Source material =>
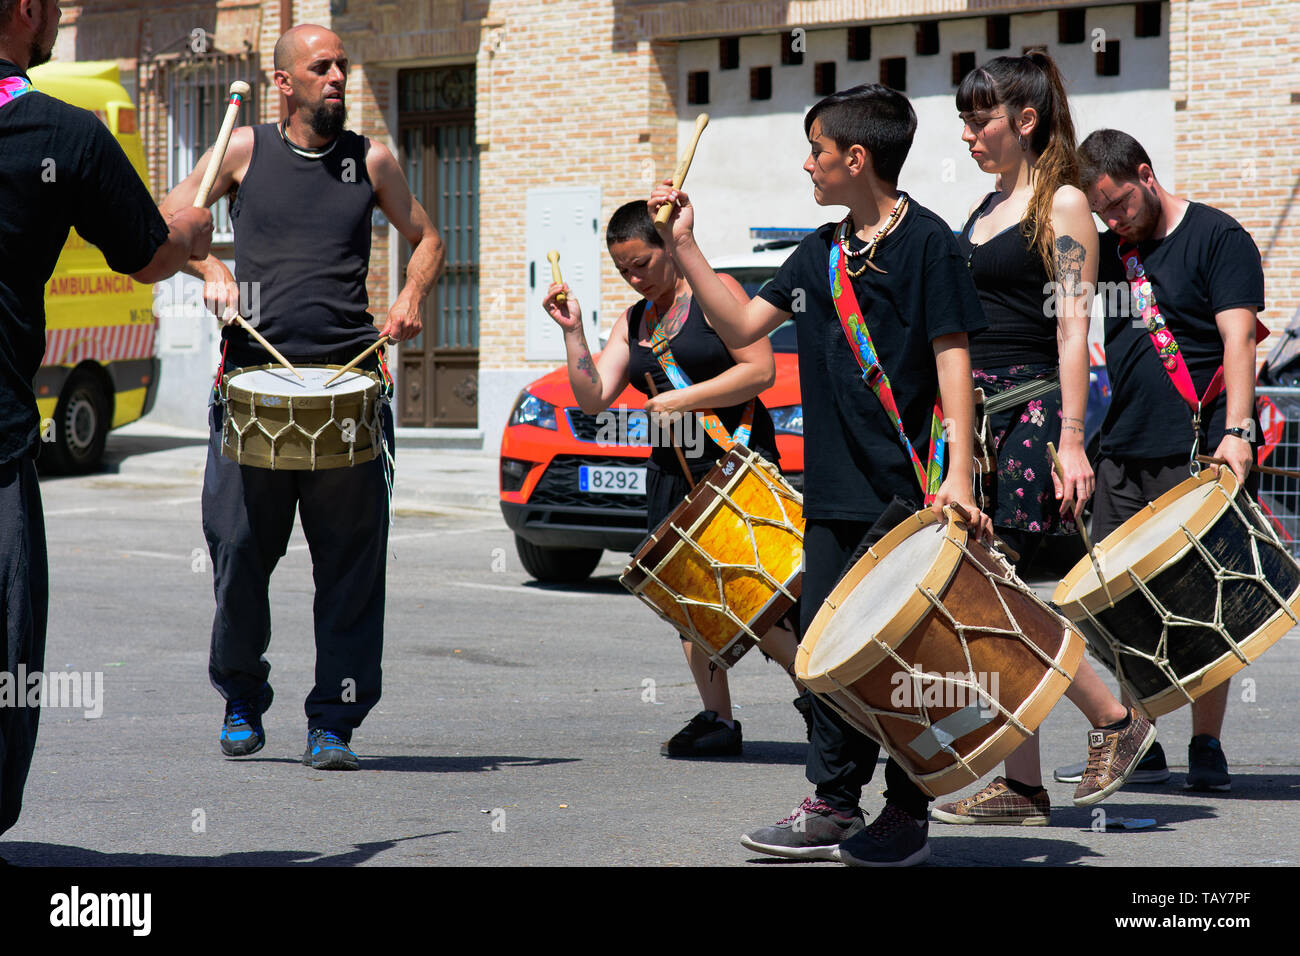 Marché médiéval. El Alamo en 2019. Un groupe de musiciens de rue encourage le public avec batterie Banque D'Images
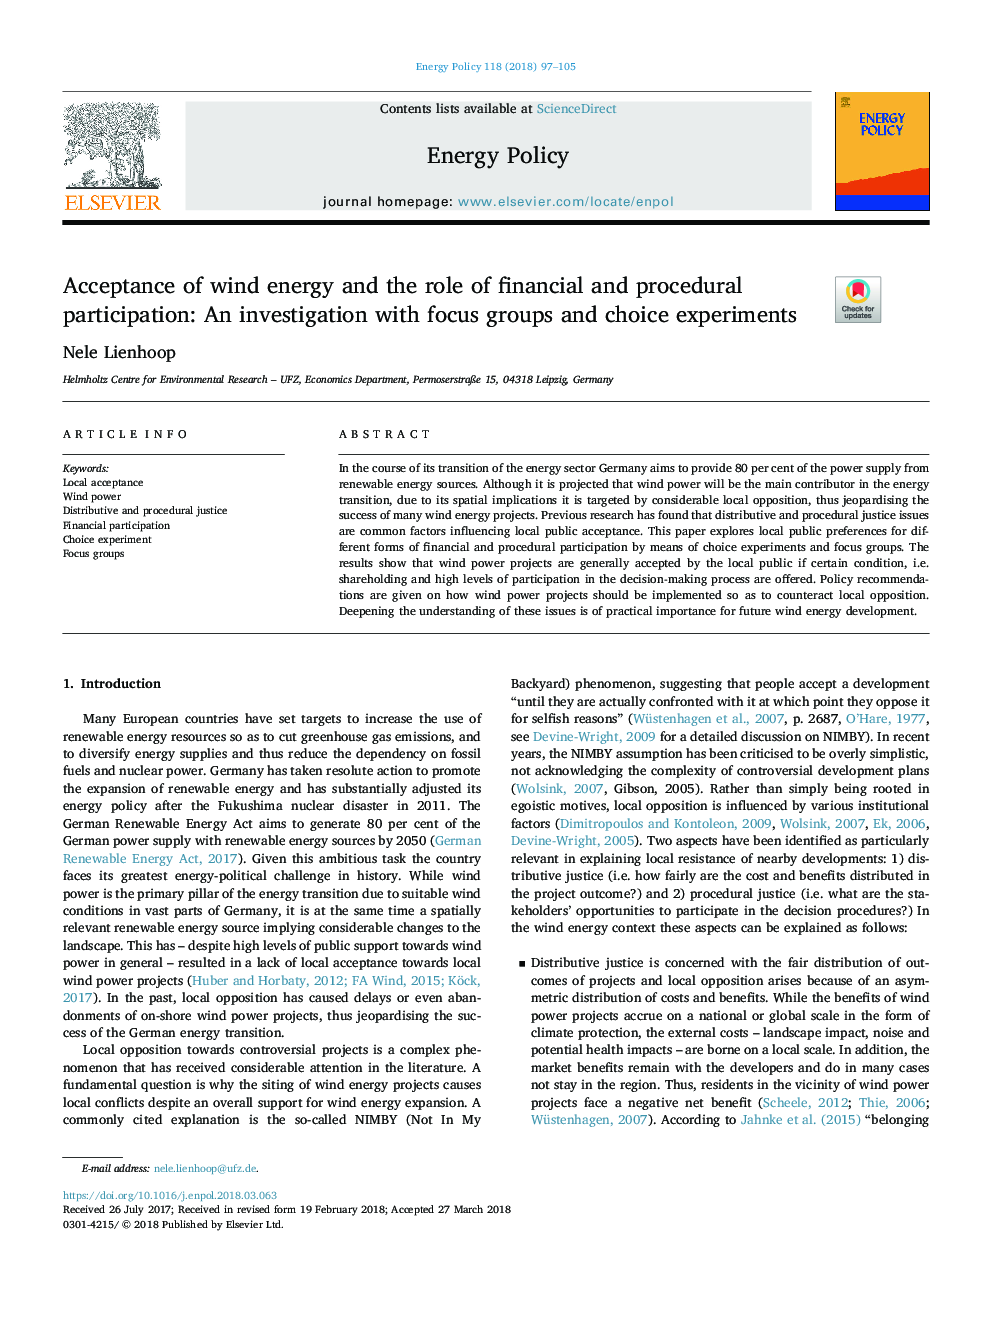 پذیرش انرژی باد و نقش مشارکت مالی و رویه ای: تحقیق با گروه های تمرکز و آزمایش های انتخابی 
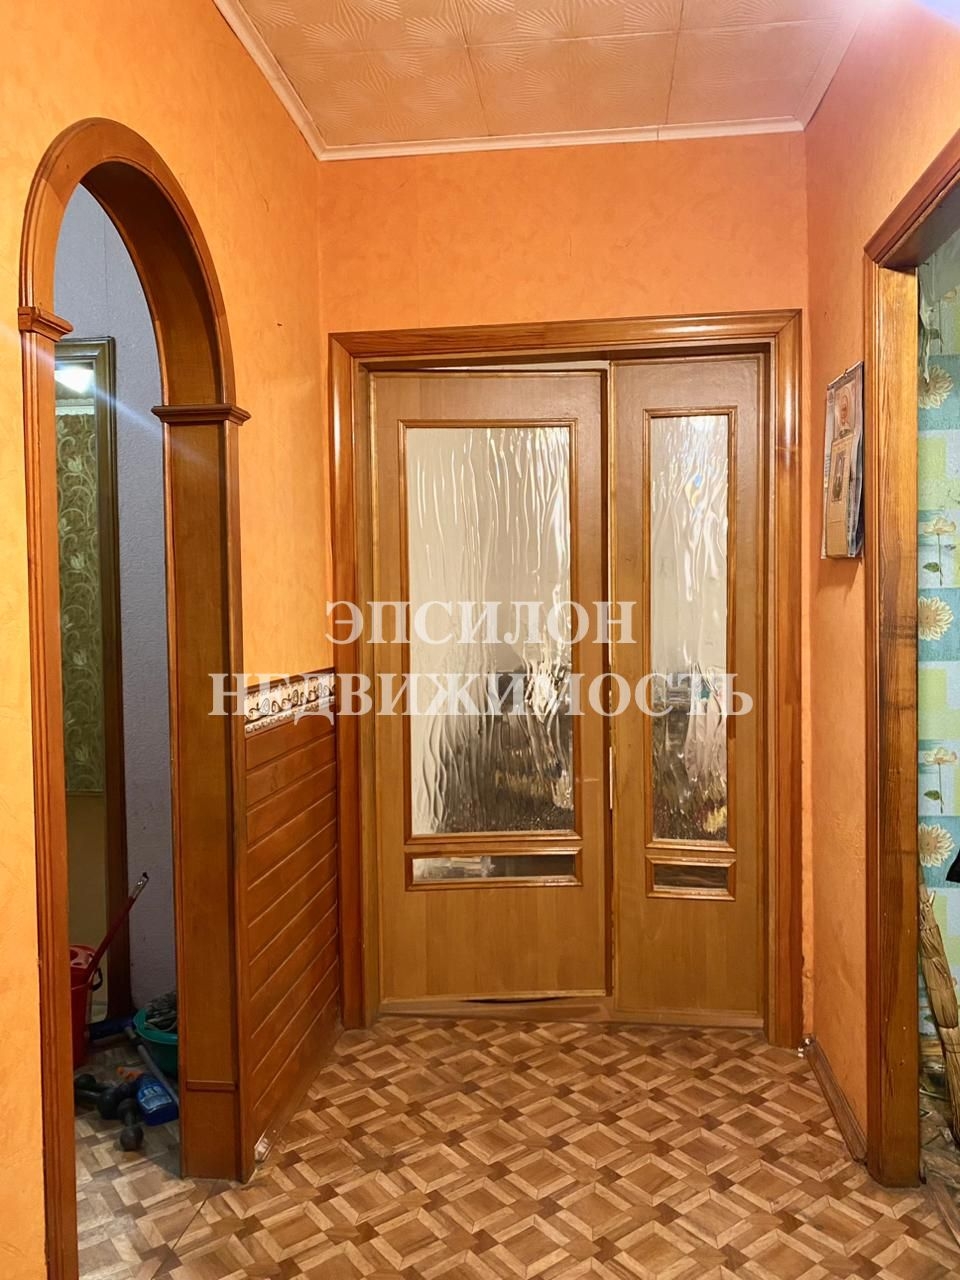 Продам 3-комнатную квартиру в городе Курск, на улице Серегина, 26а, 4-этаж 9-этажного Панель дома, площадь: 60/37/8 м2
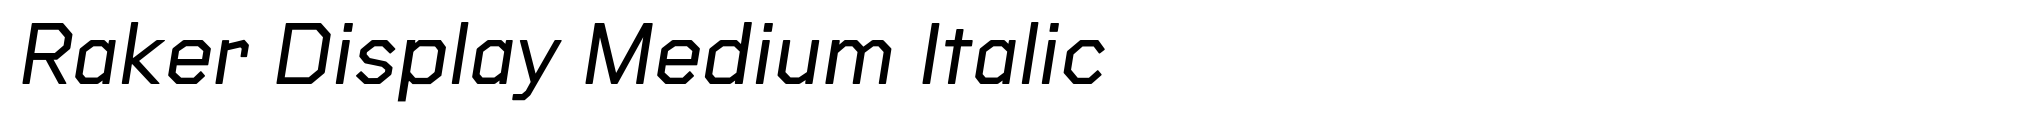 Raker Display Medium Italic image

Work required => Take the line containing "پذیرش انرژی باد" through the last line of the material and retype exactly those lines, both ends included, with no pictures.

Written solution =>
 پذیرش انرژی باد و نقش مشارکت مالی و رویه ای: تحقیق با گروه های تمرکز و آزمایش های انتخابی 
 Продам 3-комнатную квартиру в городе Курск, на улице Серегина, 26а, 4-этаж 9-этажного Панель дома, площадь: 60/37/8 м2
 Raker Display Medium Italic image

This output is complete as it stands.